TASK OBJECTIVE =
Once the line holding "cape hatteras buoy obx [ 3008 x 2000 Pixel ]" is found, output it and all remaining lines of the data exactly, with every picture left out.
INPUT DATA Block Start
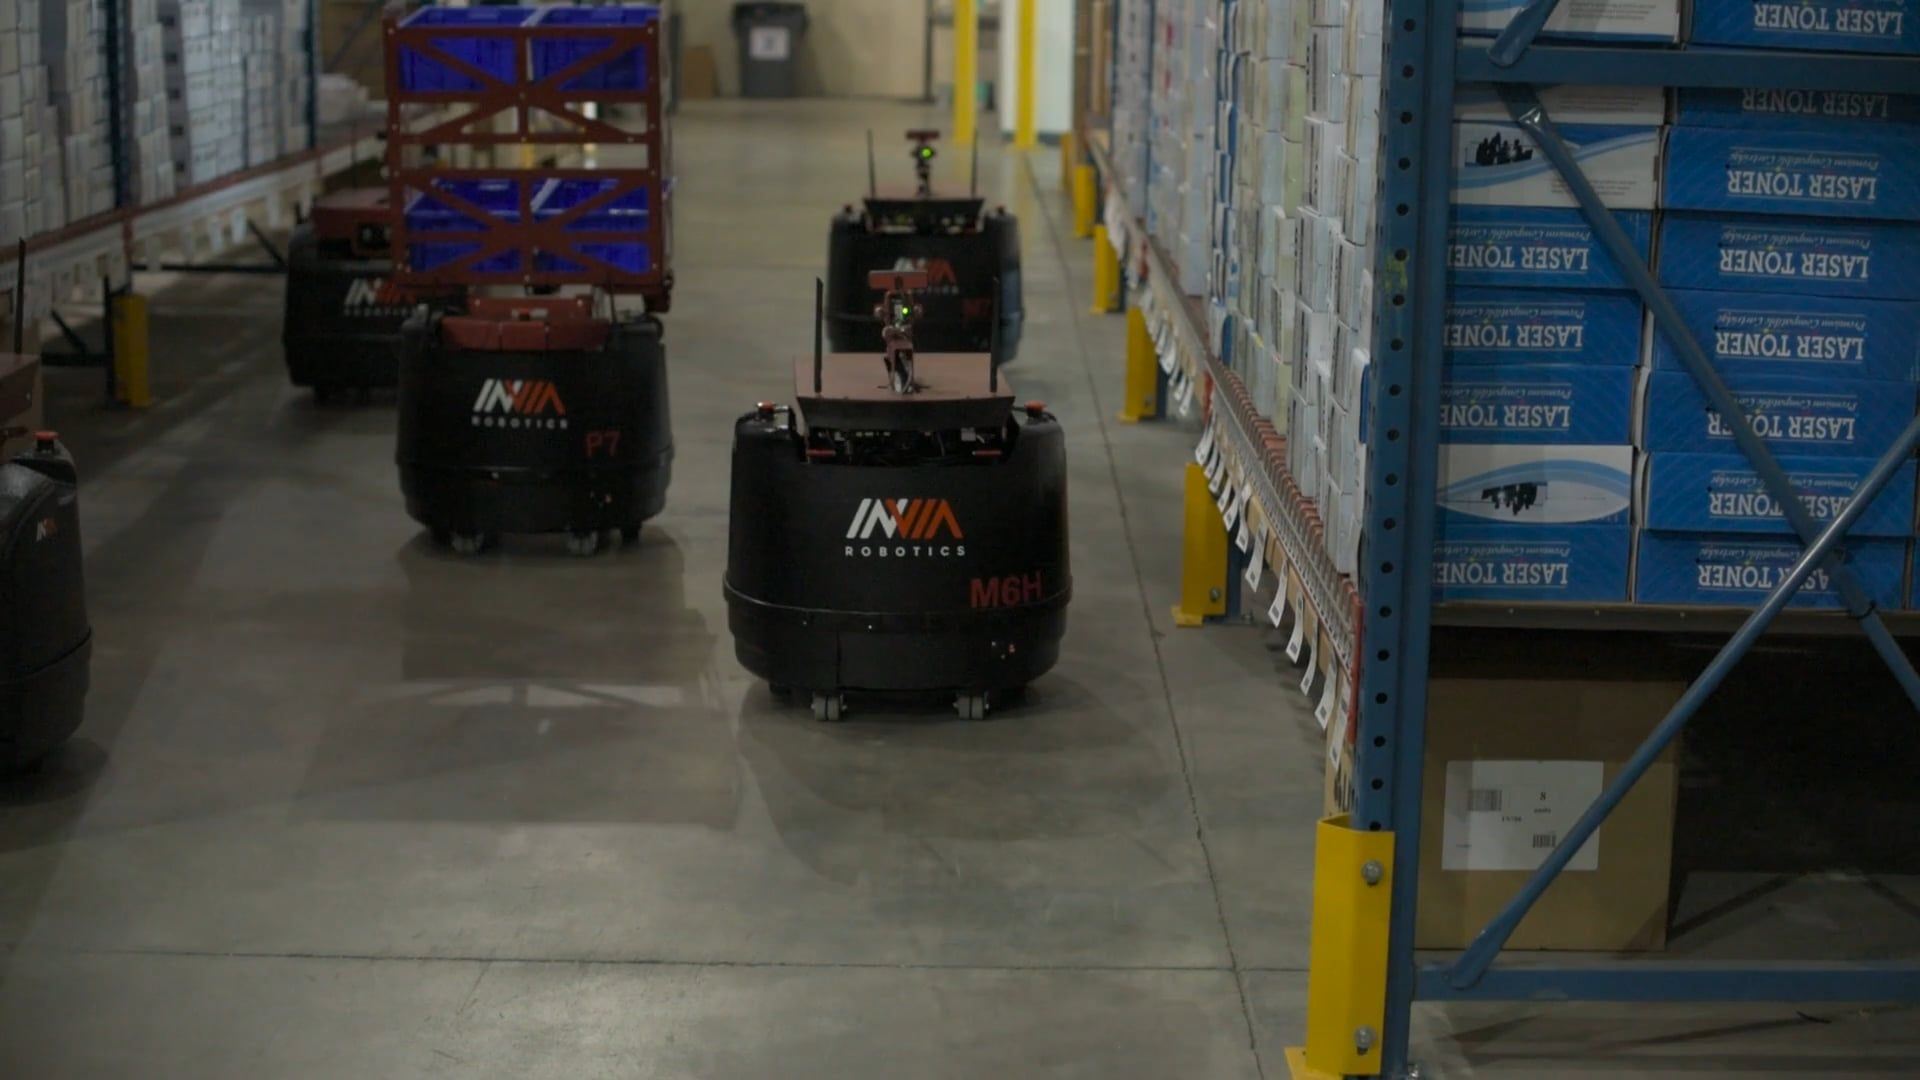 Invia Robotics/LD Products CaseStudy
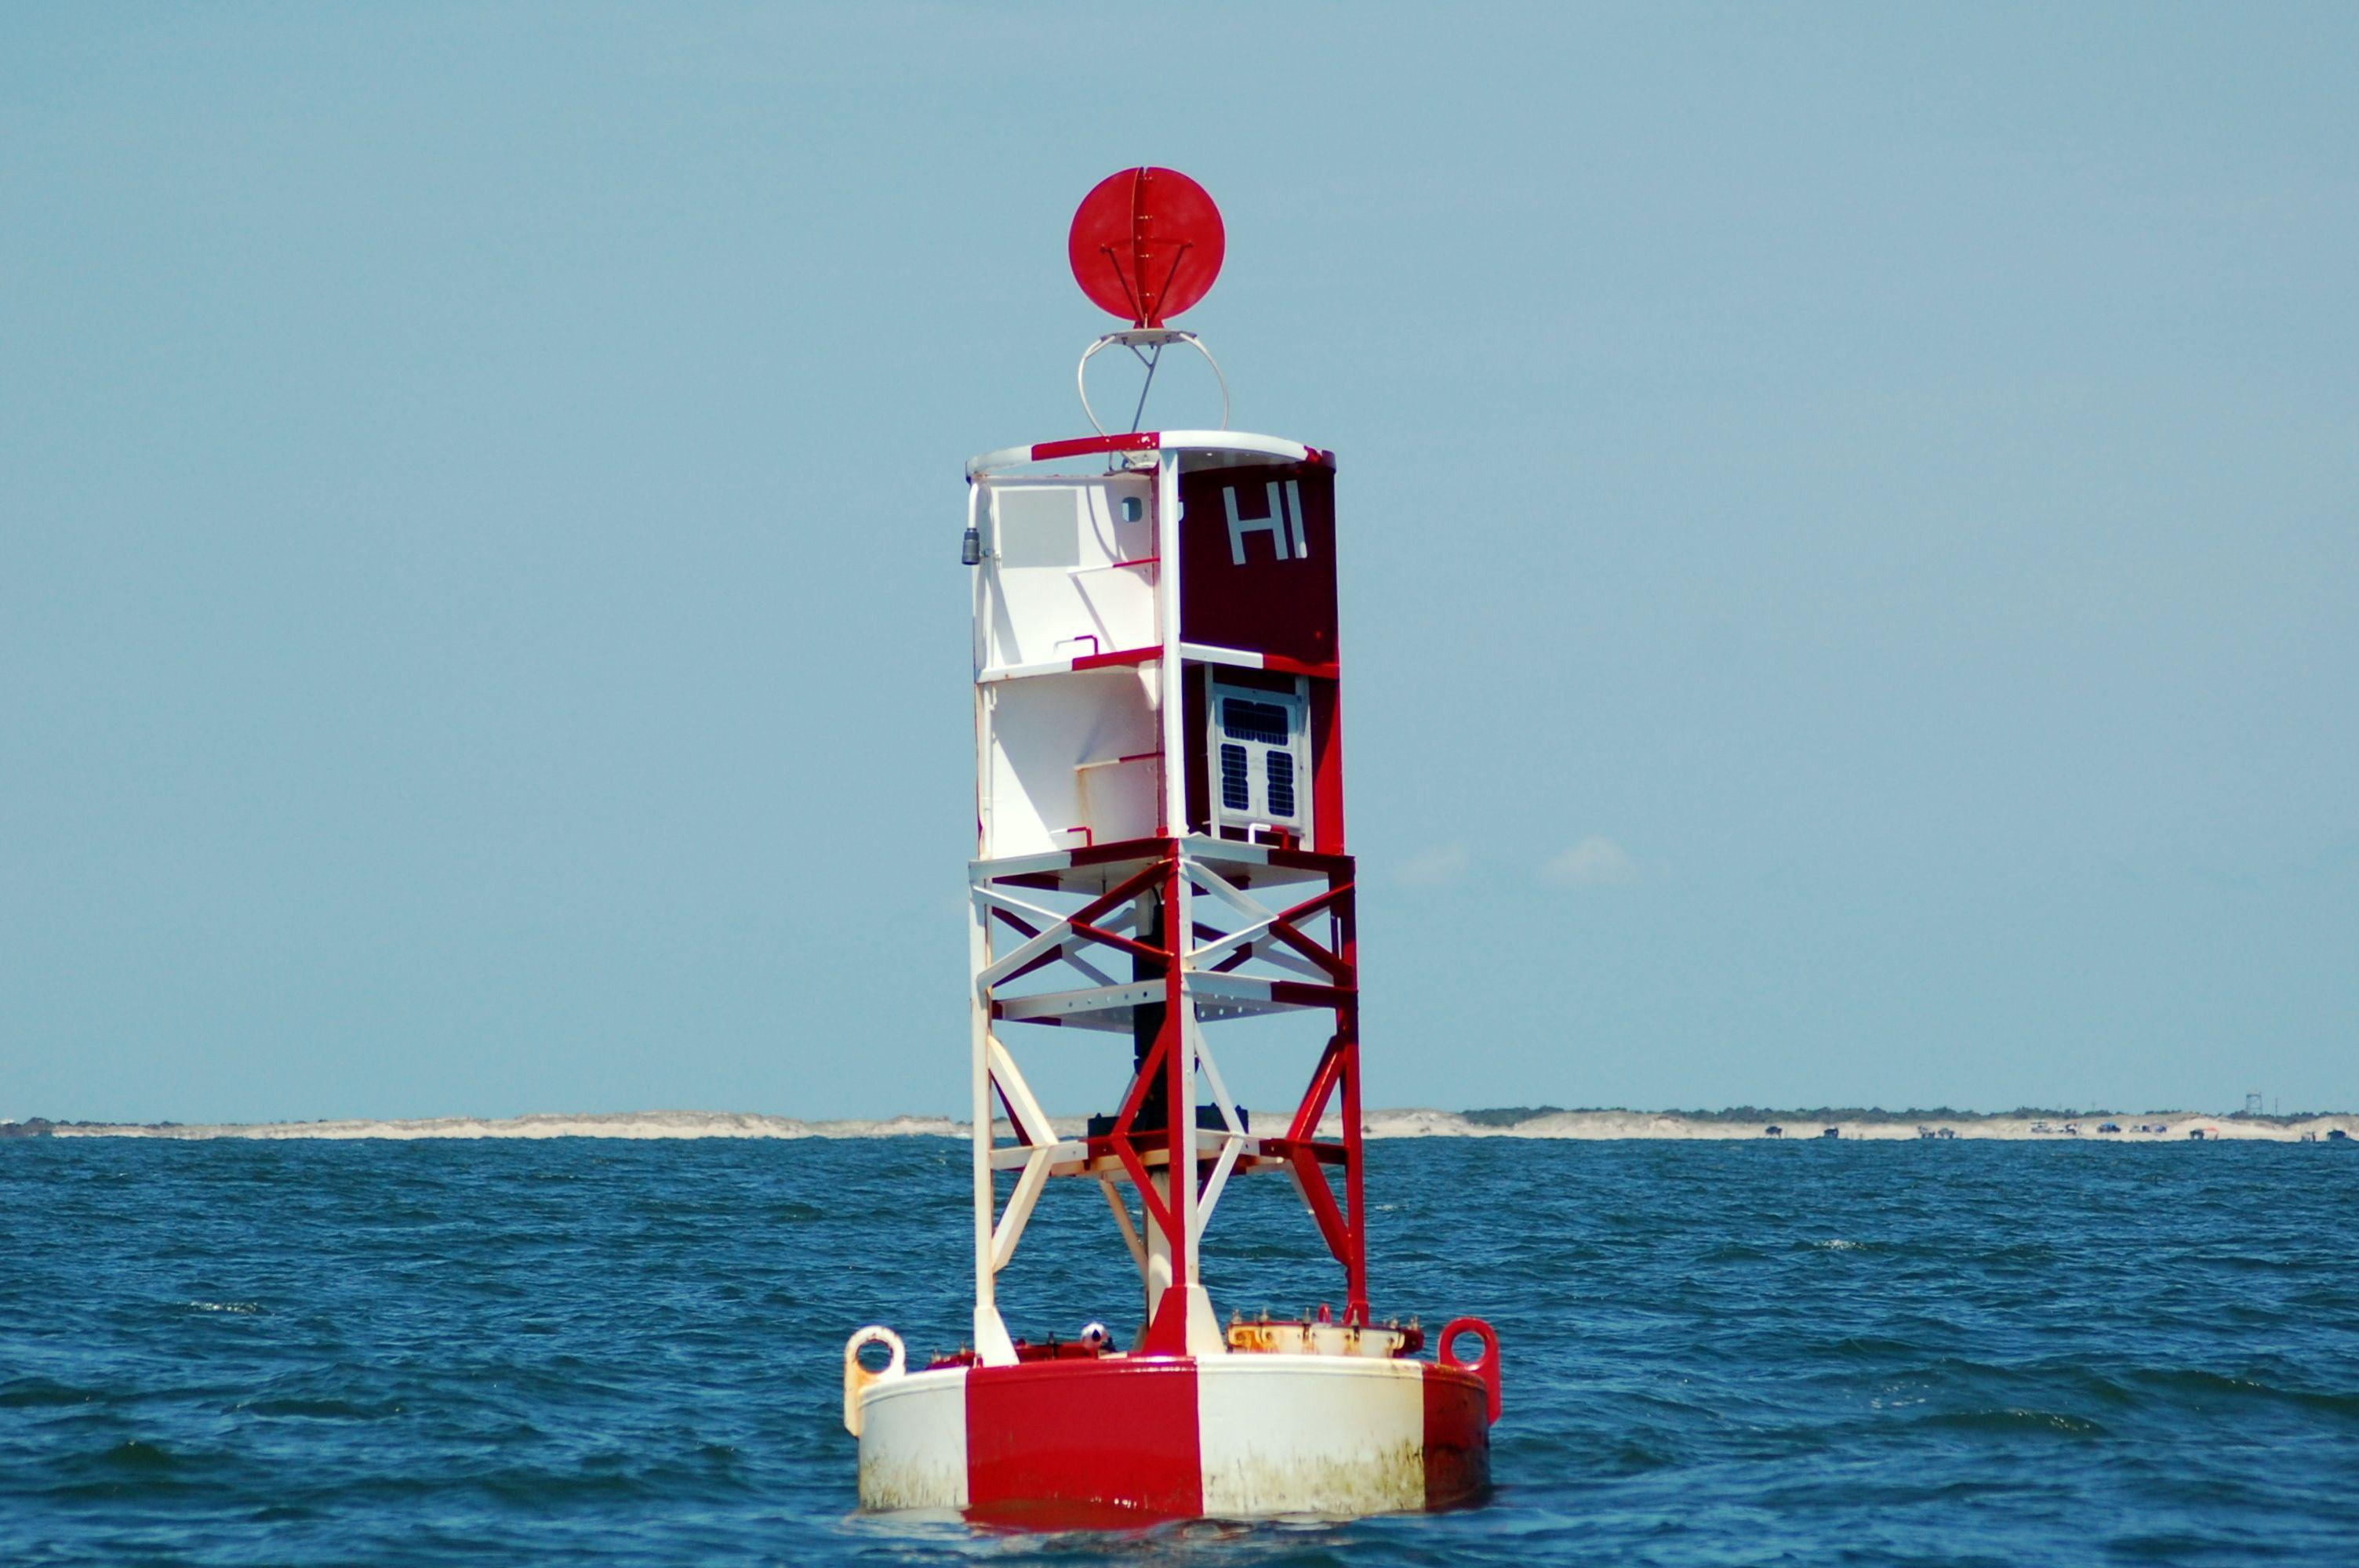 cape hatteras buoy obx [ 3008 x 2000 Pixel ]
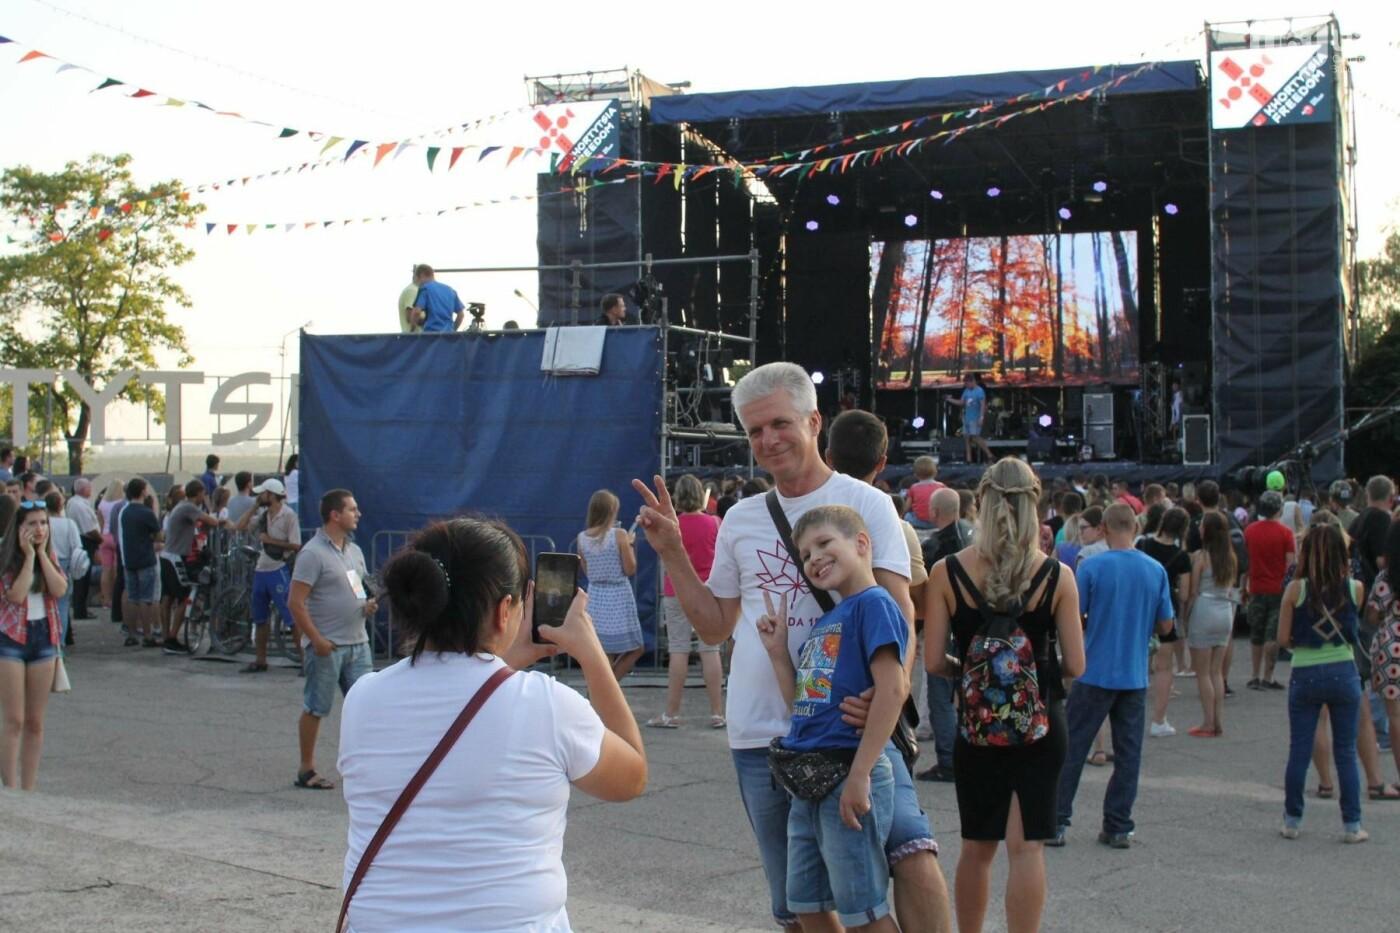 Найди себя: 50 портретов посетителей фестиваля Khortytsia Freedom, – ФОТОРЕПОРТАЖ, фото-1
INPUT DATA Block End
EXERCISE SOLUTION =
 cape hatteras buoy obx [ 3008 x 2000 Pixel ]
 Найди себя: 50 портретов посетителей фестиваля Khortytsia Freedom, – ФОТОРЕПОРТАЖ, фото-1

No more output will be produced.